• December 5, 2015 /  Uncategorized

    plan a

    My life with a Mild Traumatic Brain Injury has been very interesting to say the least. I’ve been waiting for 8 1/2 months to walk out of this “new” life and back to my “old” one.  But waiting is not my forte.

    I take great comfort in my homemade motto. The saying that has echoed into every doctor’s visit, each specialists appointment, and all physical and occupational therapist office. It’s my goal on this path. My personal pledge.
    “I will do everything I can within the resources available to me to aid in my recovery.”  And I check that mantra with every health care physician I see to be sure I am doing just that.

    Besides being a woman of flesh, I am a woman of the Word. I know and understand that my life is being held in the nail-scarred hands of my loving Creator, and He alone has the final say over every happening of me. I believe that truth more than I trust in my motto.

    A couple of months ago, during a time of prayer, a good God loving sister brought me a word. In essence, the word said that “As a baby is in the womb nine months so you will be in this concussion nine months, and then you will be birthed out.”
    I like that word.  I’ll take that word. I’ll embrace that word. I expect that word.
    My God friend had no way of knowing that way, way back in the beginning of my concussion journey, just two weeks into this adventure, God came to me in a vision. And in that vision God took me back to the womb. I saw myself conceived. I saw myself develop. I saw myself at every stage of growth. I saw myself birthed.
    Actually rebirthed as an adult… the me of today. Interesting stuff.

    So now I put those two ideas together is my head. I ponder. I meditate, I wait.
    I lay my heart out before God to be sure it is squeaky clean and ready for His arrival. Because I believe God can do anything He wants, anytime He wants, with anybody He wants. I believe.

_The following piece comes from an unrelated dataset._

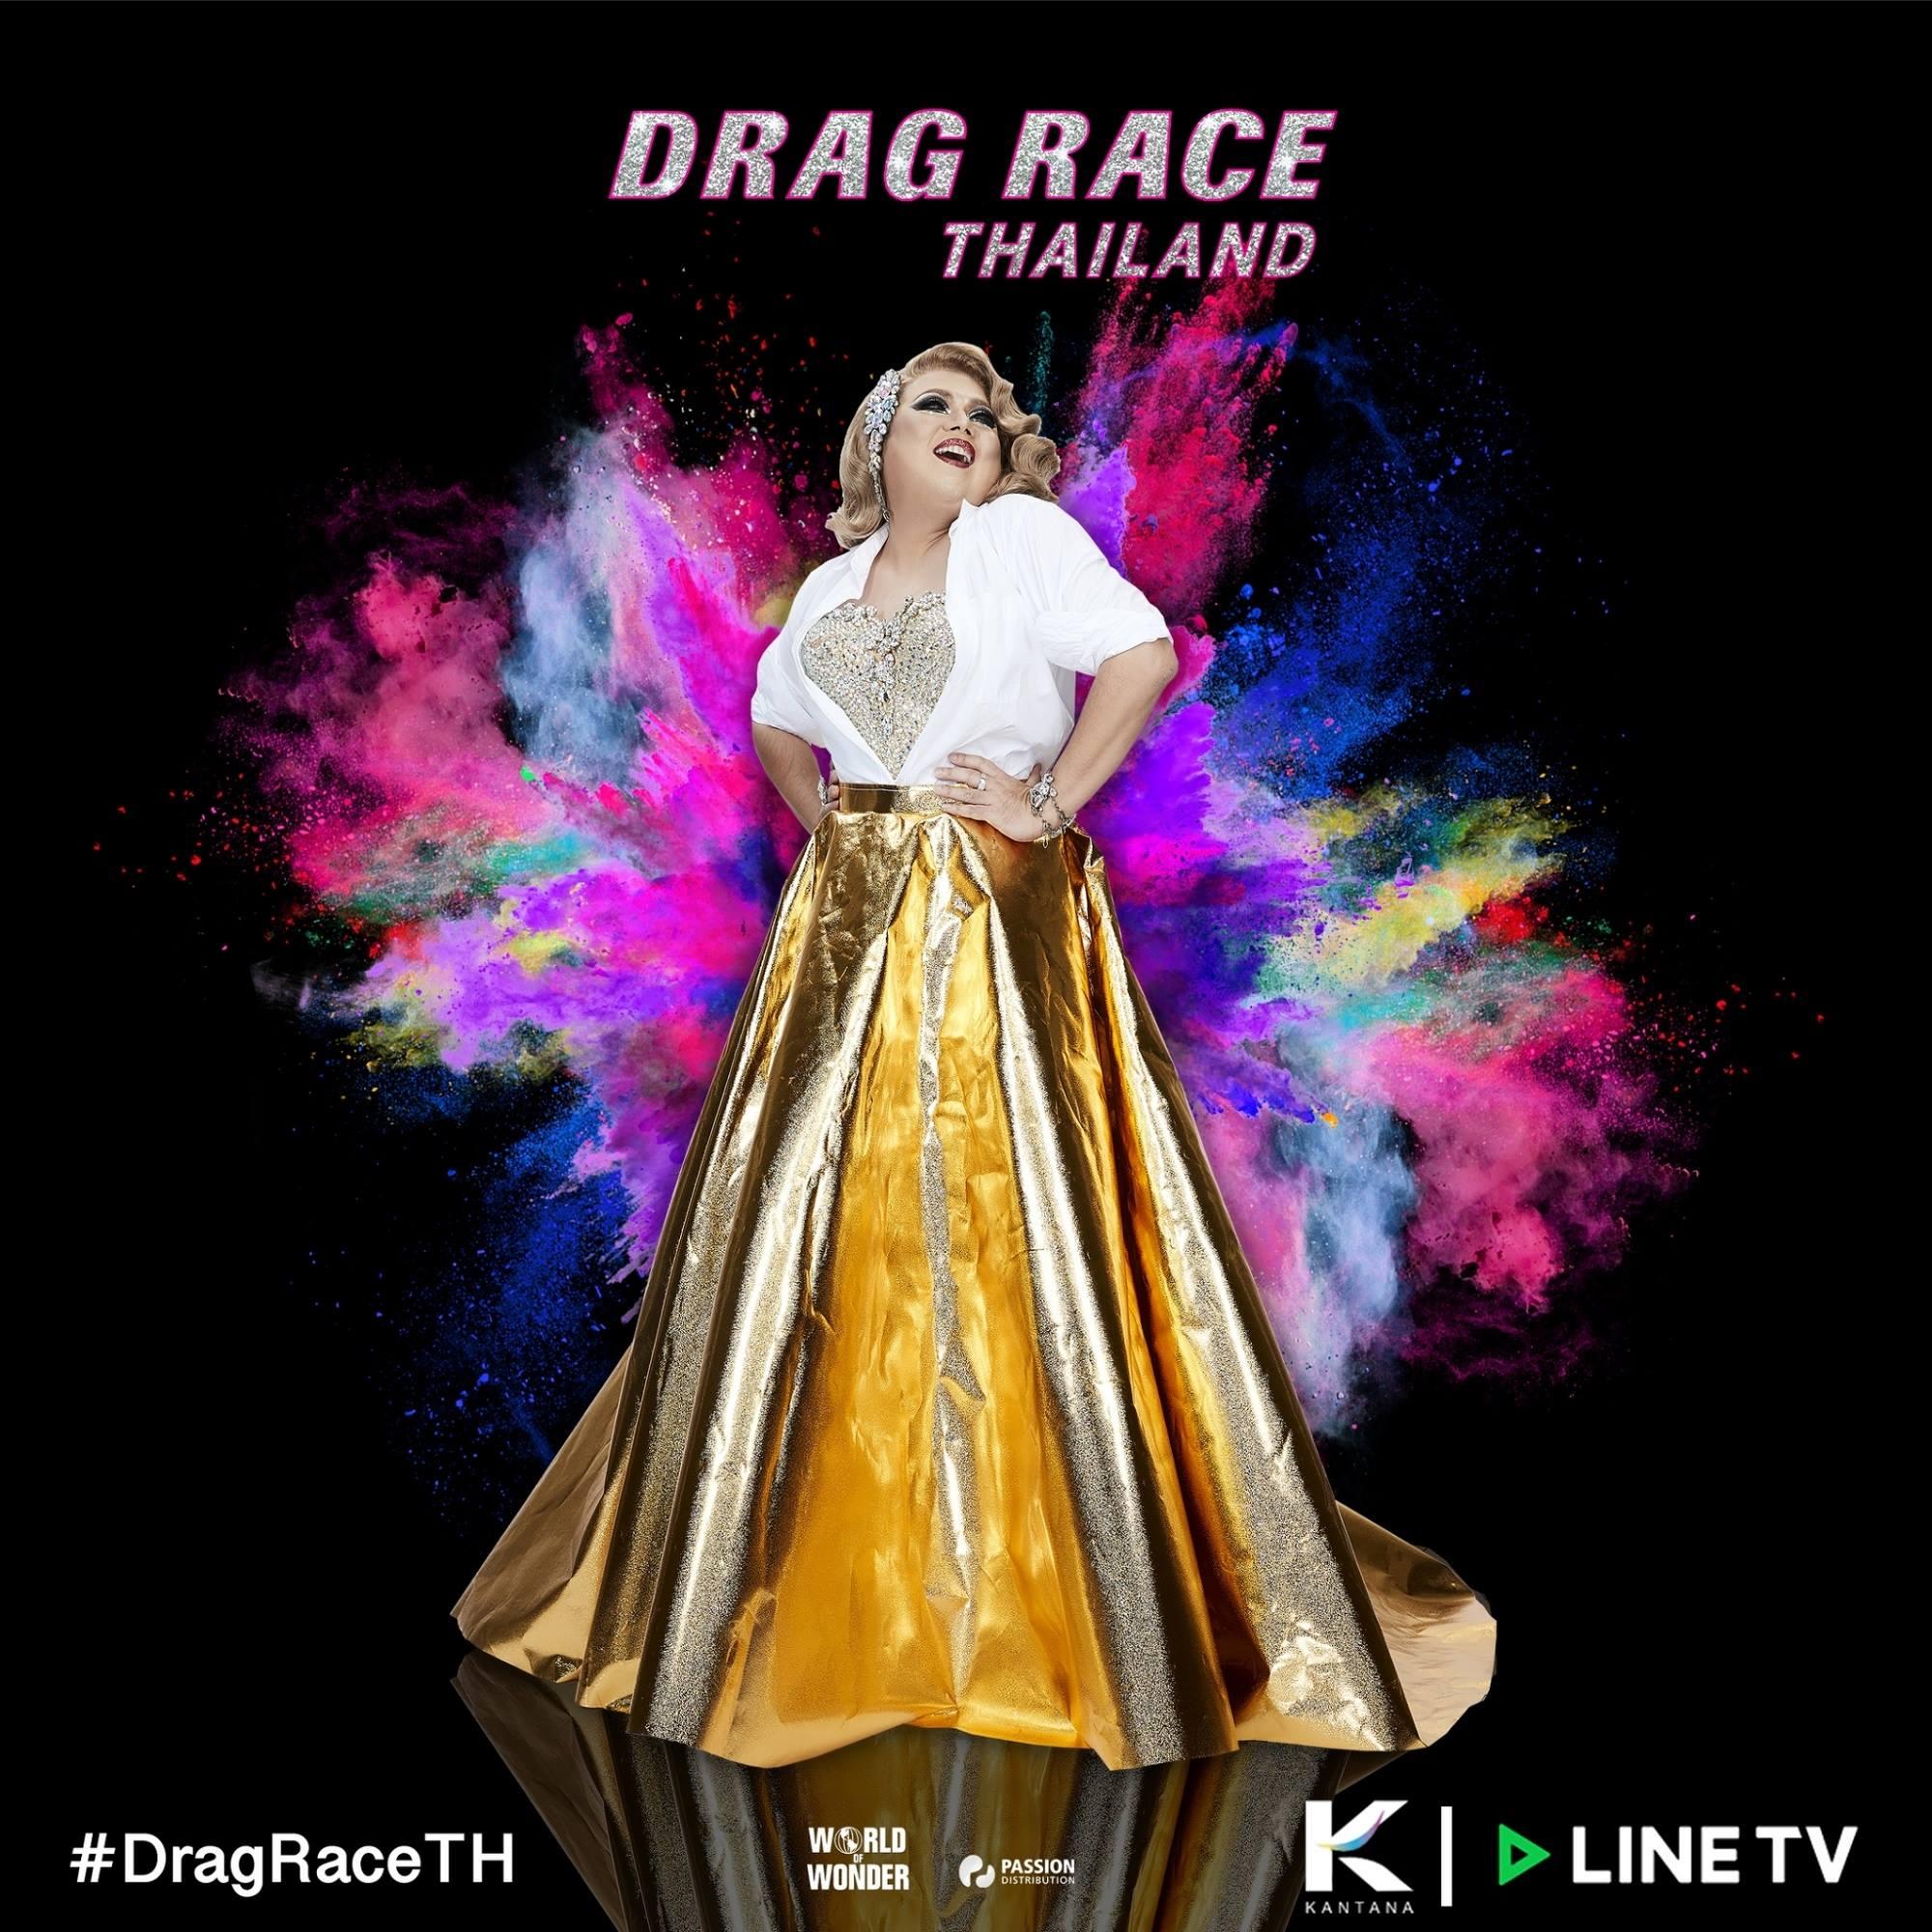 rupaul's drag race thailand cast 9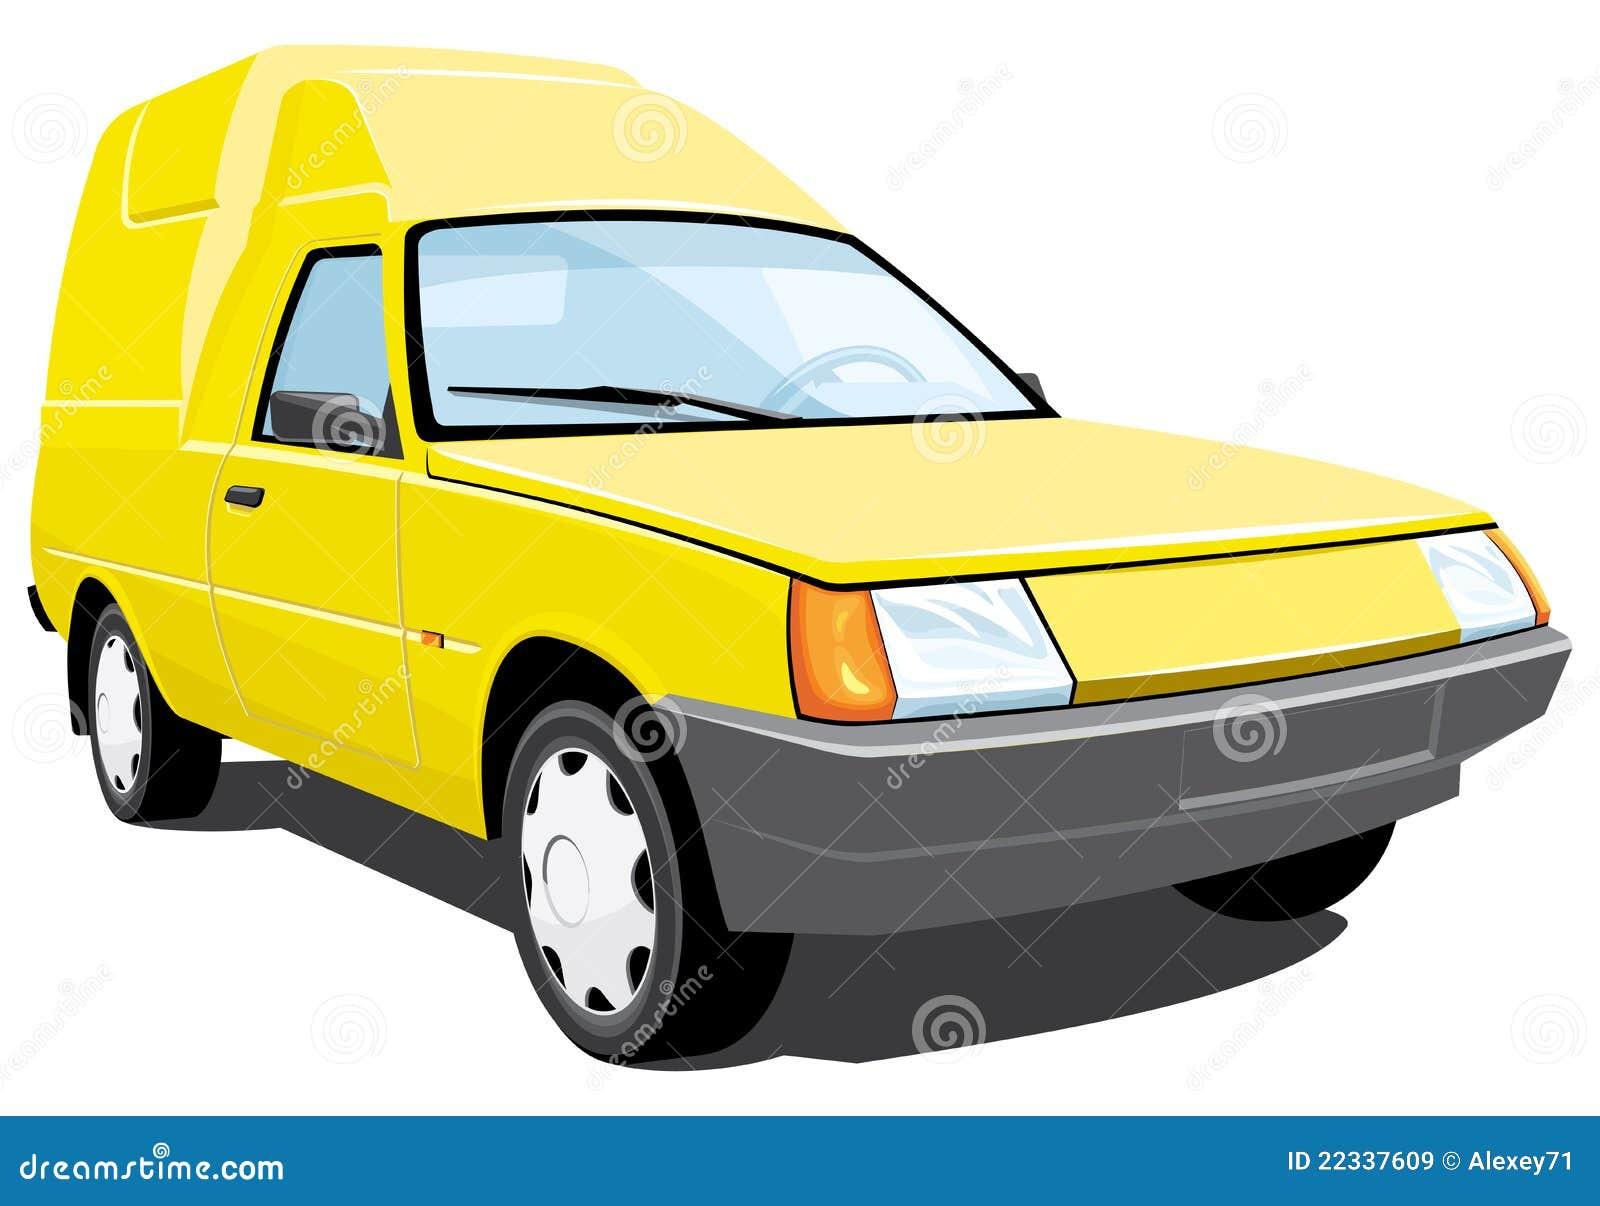 jaunissez la camionnette de livraison images libres de droits image 22337609. Black Bedroom Furniture Sets. Home Design Ideas

    The nice thing about this word is that it is time sensitive. It will be easy to track. A baby is nine months in the womb. An overdue baby?  Add on a couple of weeks. My due date is December 21, 2015. Give or take a week or two. If this is the plan of my Lord, I can expect to have newness of life in just a few weeks.
    And newness of life for me would look like walking and driving and running and dancing and playing. It would leave me cane-less, shades-less, and earplug-less.
    I would once again be able to church-it, basketball-it, and friends-it.
    A baby growing in the womb was created to be born. She was designed to be her own separate entity. She was planned to develop then be birth out into great things. There is no middle ground. No half-way. No almost. It’s all, or it’s nothing.

    It was slightly amusing to me that I received a word from the doctor and a word from the Lord. Both words may seem different, but they aren’t… they are very much the same. “You, Kim, need a miracle.”

    So now I ponder, I watch, and I pray.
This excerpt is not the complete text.